我看到这个问题是一个编程面试书中的问题，这里我简化了一下这个问题。

假设你有一个长度为 n 的数组 A，同时你还有一个长度为 n 的置换数组 P。你的方法将返回一个数组，其中 A 的元素将按照在 P 中指定的索引顺序出现。

快速示例：你的方法接受 A = [a, b, c, d, e] 和 P = [4, 3, 2, 0, 1]。那么它将返回 [e, d, c, a, b]。你只能使用恒定的空间（即不能分配另一个需要 O(n) 空间的数组）。

有什么想法吗？

- ahmet alp balkan

你如何使用常数空间？你的输入数组使用了O(n)的空间，这不是常数。 - Patrick Kostjens

6

你可以重复使用输入的数组 - 实际上，问题是要“原地”应用排列。 - Sergey Kalinichenko

2

初始问题中给出的返回值是错误的。A = [a b c d e] P = [4 3 2 0 1] 应该返回 [d e c b a]，而不是在问题中指示的 [e d c a b]。 - Pradeep Krishnaraj

1

相关问题，从 TCS 视角来看：https://cstheory.stackexchange.com/questions/6711/complexity-of-applying-a-permutation-in-place - Dan Stahlke

9个回答

8

又是另一个不必要的答案！这个答案明确保留了排列数组P，这对我的情况是必要的，但代价较高。此外，这种方法不需要跟踪正确放置的元素。我知道之前的答案提供了O(N)解决方案，所以我想这只是为了娱乐！
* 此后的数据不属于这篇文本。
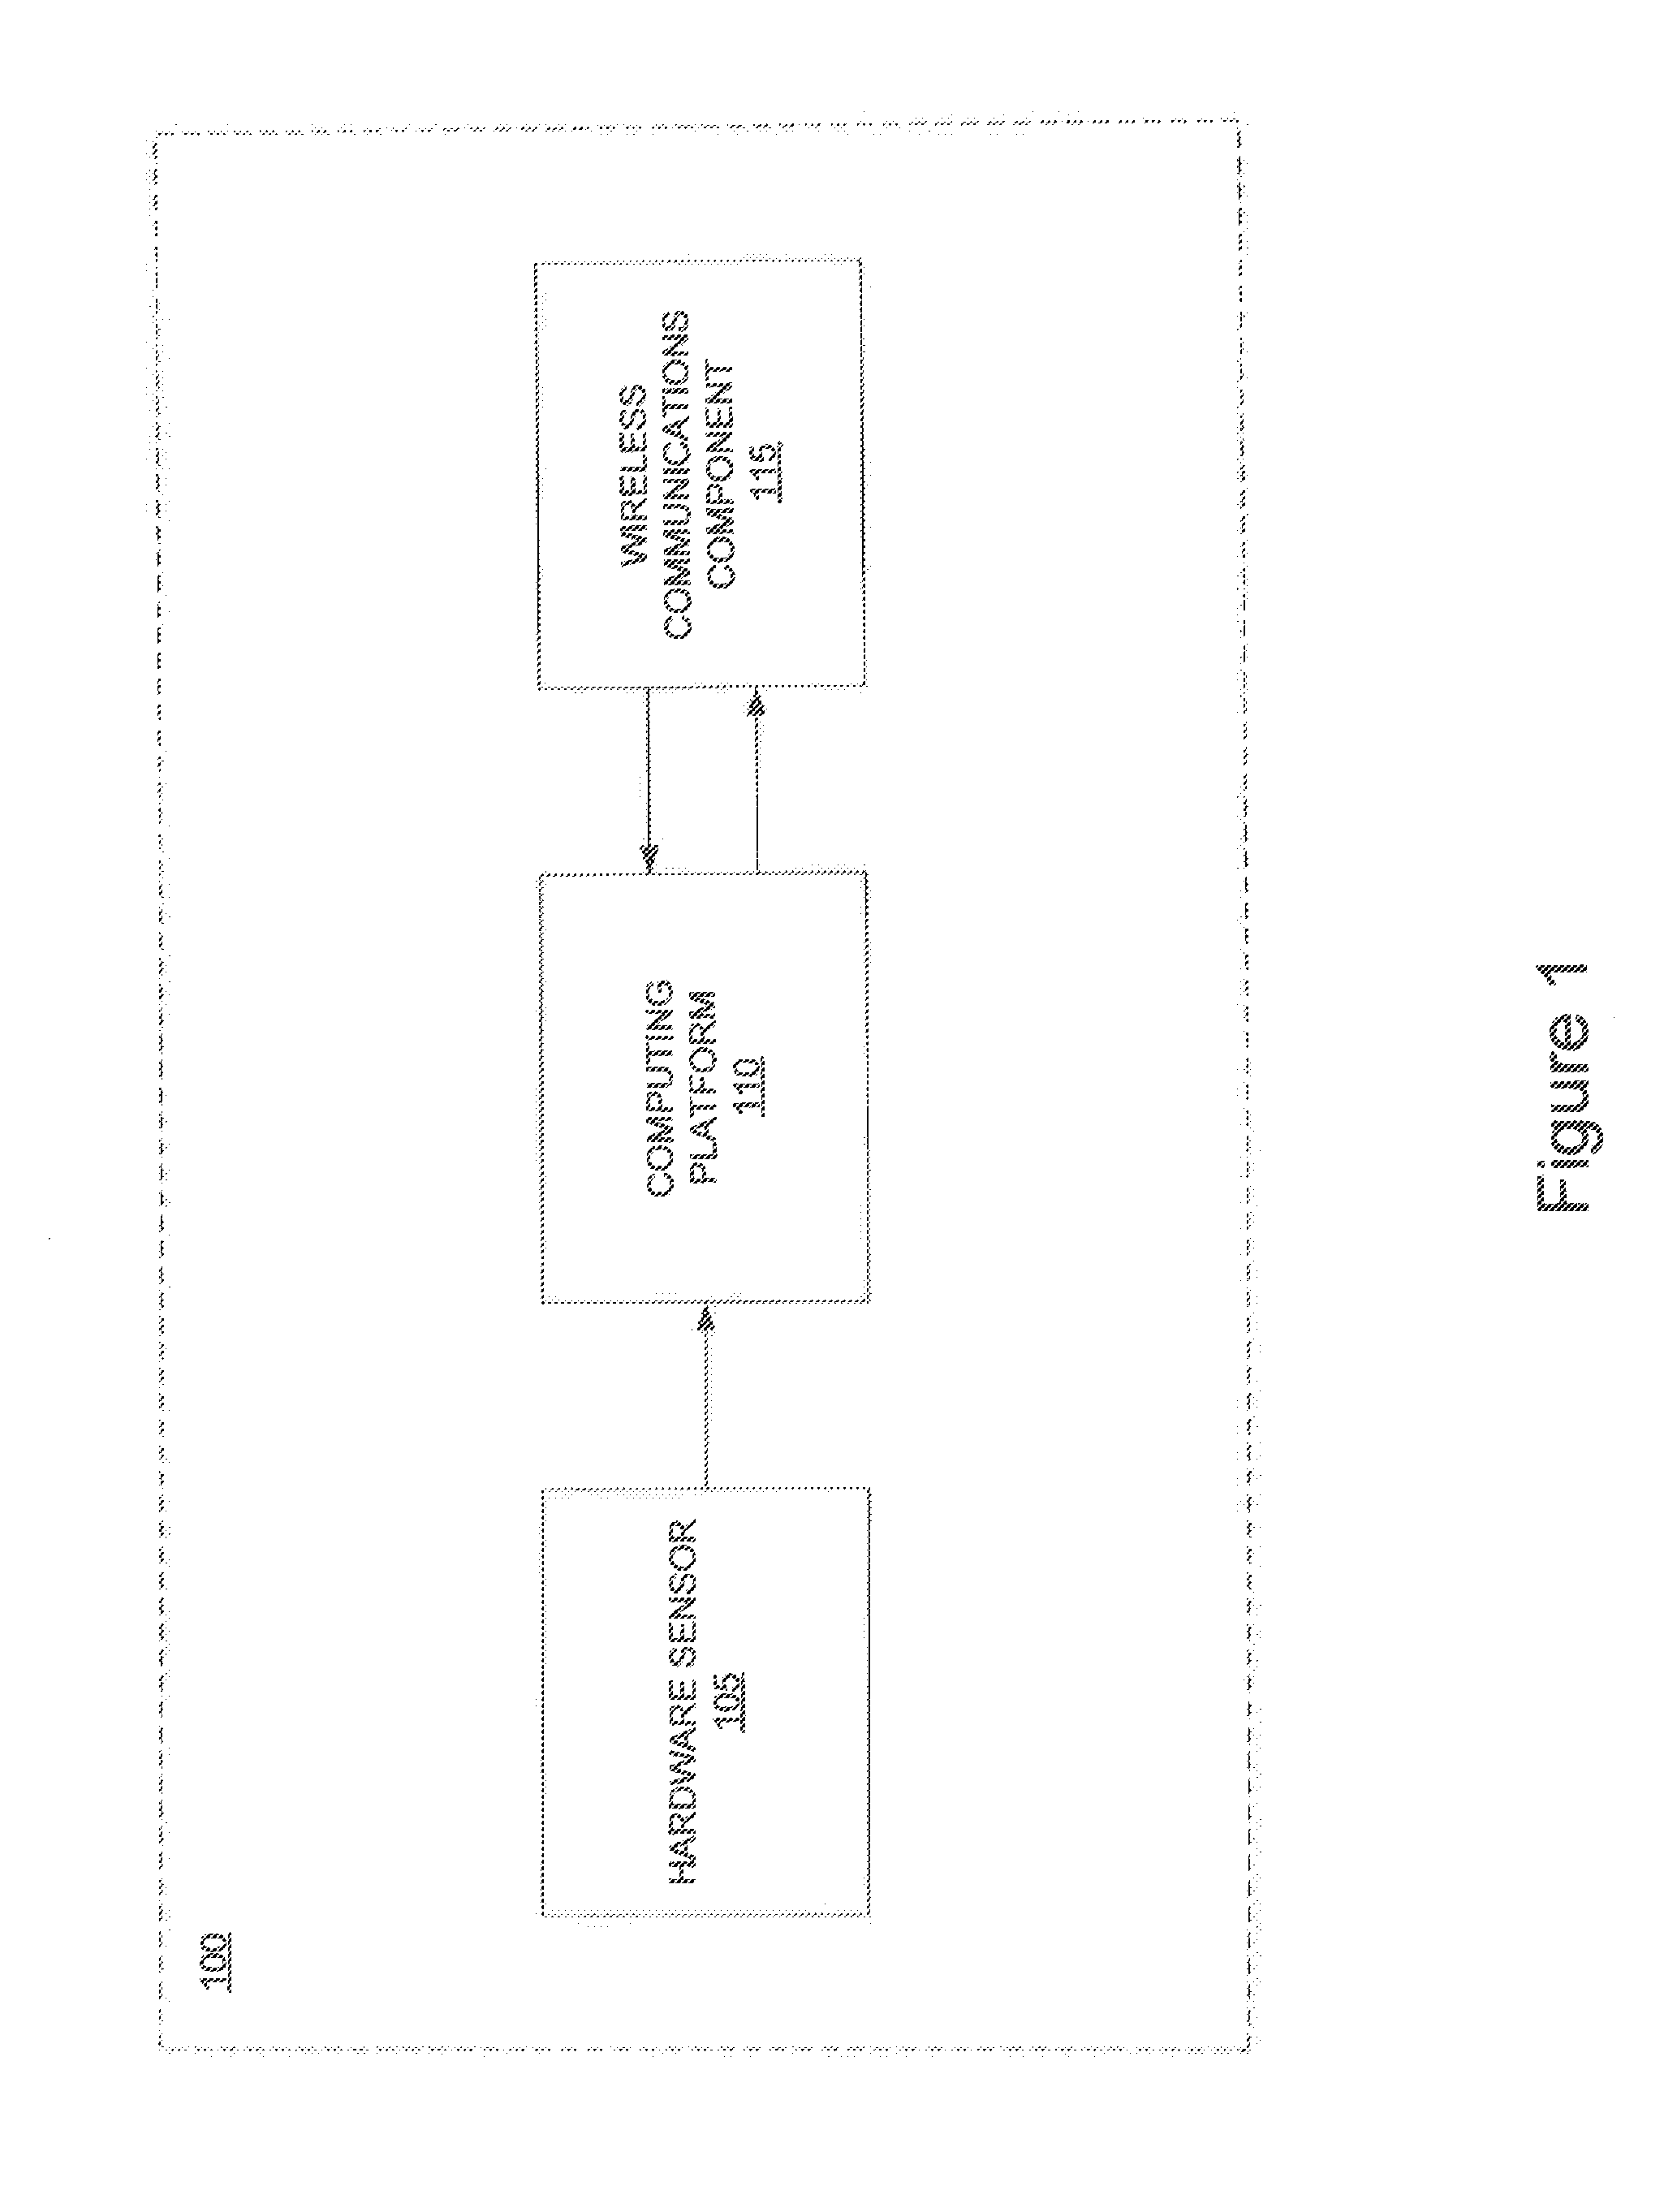 System and method for performing a secure cryptographic operation on a mobile device including an entropy filter

我们得到最好情况复杂度为 O(N)，最坏情况下为 O(N^2)，平均情况下为 O(NlogN)。对于大型数组 (N~10000 或更大)，平均情况基本上等于 O(N)。

以下是 Java 的核心算法（我是说伪代码 *咳咳*）：

int ind=0;
float temp=0;

for(int i=0; i<(n-1); i++){
  // get next index
  ind = P[i];
  while(ind<i)
    ind = P[ind];

  // swap elements in array
  temp = A[i];
  A[i] = A[ind];
  A[ind] = temp;
}

下面是算法的一个运行示例（类似于之前的答案）：

假设有A = [a, b, c, d, e]

并且P = [2, 4, 3, 0, 1]

那么预期结果为[ c, e, d, a, b ]

i=0:  [a, b, c, d, e] // (ind=P[0]=2)>=0 no while loop, swap A[0]<->A[2]
       ^     ^
i=1:  [c, b, a, d, e] // (ind=P[1]=4)>=1 no while loop, swap A[1]<->A[4]
          ^        ^
i=2:  [c, e, a, d, b] // (ind=P[2]=3)>=2 no while loop, swap A[2]<->A[3]
             ^  ^
i=3a: [c, e, d, a, b] // (ind=P[3]=0)<3 uh-oh! enter while loop...
                ^
i=3b: [c, e, d, a, b] // loop iteration: ind<-P[0]. now have (ind=2)<3
       ?        ^
i=3c: [c, e, d, a, b] // loop iteration: ind<-P[2]. now have (ind=3)>=3
             ?  ^
i=3d: [c, e, d, a, b] // good index found. Swap A[3]<->A[3]
                ^
done.

这个算法可以在while循环中跳来跳去，直到任何索引j<i，在第ith次迭代期间最多可以反弹次。最坏情况下（我认为！）每次外层的for循环迭代都会导致来自while循环的个额外赋值，因此我们将得到一个算术级数的形式，这将为复杂度增加一个N^2的因素！然而，运行这个算法的一系列N并平均计算while循环所需的“额外”赋值数（在每个N的多个排列上进行平均），强烈提示我平均情况下的时间复杂度是O(NlogN)。
谢谢！

- RinRisson

@AhmadS 您的样例程序输出为 [c, a, b, d] = [A[2], A[0], A[1], A[3]]。这不是预期的输出吗？ - Dan Stahlke

3

@RinRisson 迄今为止，他给出了唯一完全正确的答案！其他答案都需要额外的存储空间——O(n)栈空间，或者假设排列P方便地存储在O(n)未使用但可变的标志位旁边等等。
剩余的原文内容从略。